Speaking of hypocrisy, I would not place any heavy bets against Democrats restoring the filibuster right before they get swept out of power in the Senate. Look at all the nonsense they’re spewing about gridlock crises and the terrifying menace of GOP obstructionism today. They’ll announce that the temporary crisis is past, so it’s important to restore the advise-and-consent role of the minority. They’ll dust off all the quotes from 2005 that no one in the mainstream media dares to confront them with today. It’s possible the Democrats could even leave the new rules in place for a while after losing the Senate in 2014, and make their big plea to restore the beating heart of democracy right before the 2016 elections. With muscular assistance from the media, they might be able to get some of the more wobbly Senate Republicans to go along with that. Stranger things have happened.
But even if the new rules are left in place, there’s no way Republicans will be allowed to use it the way Democrats do. Any Republican who thinks he could get away with running the Senate like Harry Reid does is delusional. The Republican version of Reid would be one of the most well-known and widely-hated politicians in America, a regular character in savage late-night comedy routines and entertainment programs.
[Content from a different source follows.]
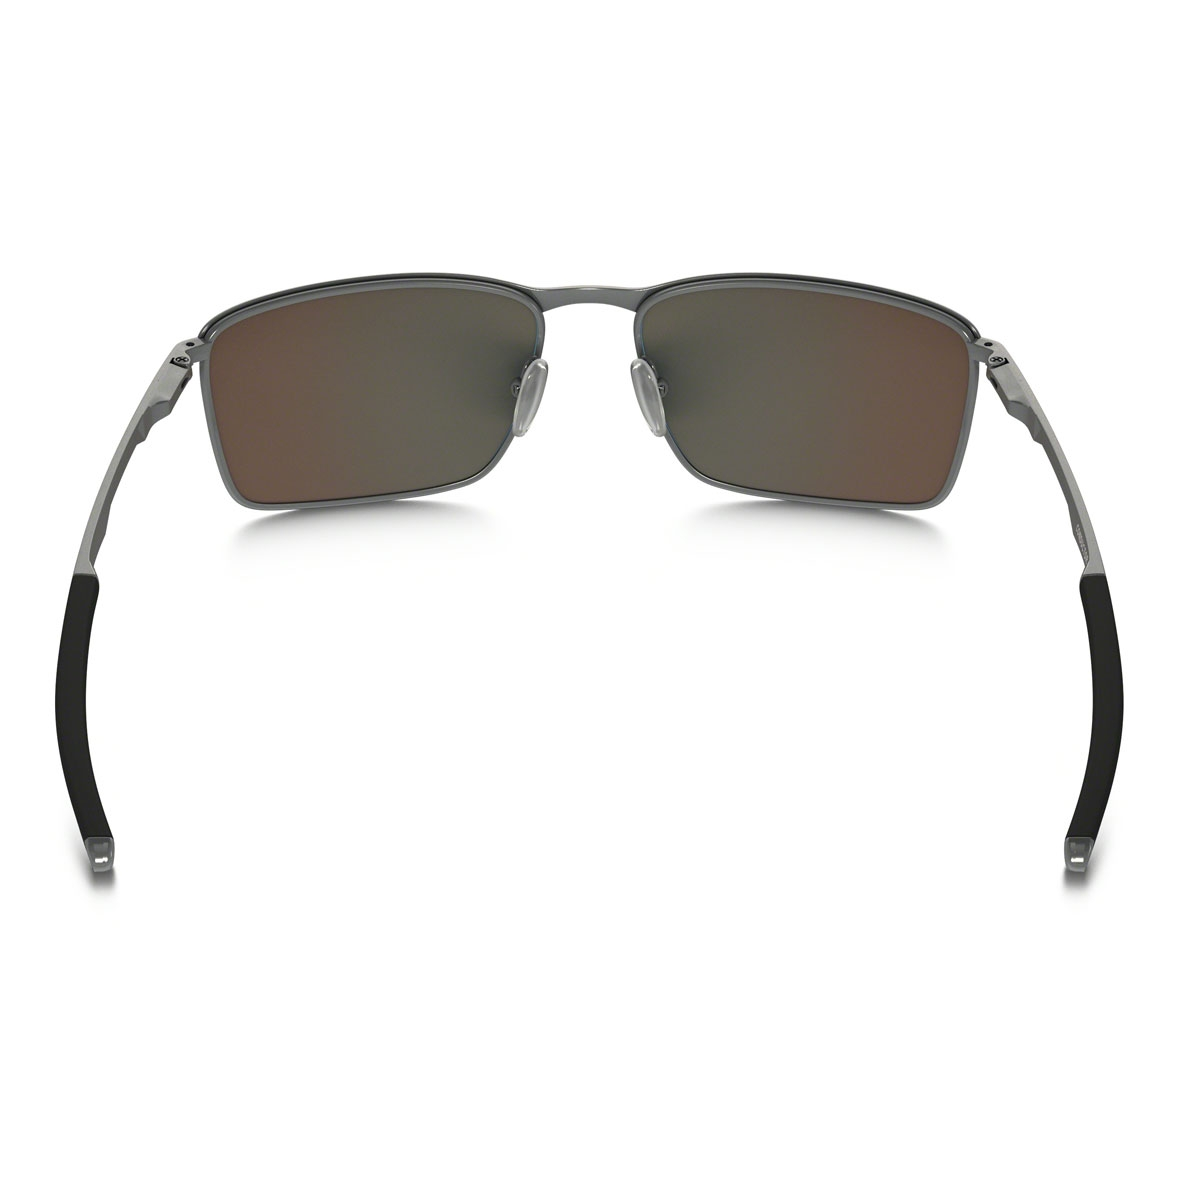 Oakley Conductor 6 Sunglasses Lead Frame Sapphire

No Republican president will ever be allowed to fill the courts with rock-ribbed conservatives, confirmed on straight party-line votes. Two months into such an Administration, there would be violent demonstrations in the streets, and Big Media would be running dark front-page stories about the rise of a dark new imperial tyranny, pinning every bit of political anguish on the Republican leadership’s refusal to seek the bipartisan consent of the noble Democrat minority on confirmations.
Maybe that’s the world we live in now, but please, let’s be realistic about the dearth of silver linings in the dark clouds. Republicans should be entirely focused on pointing out the dark clouds to voters, and talking about the storm that will soon break from them.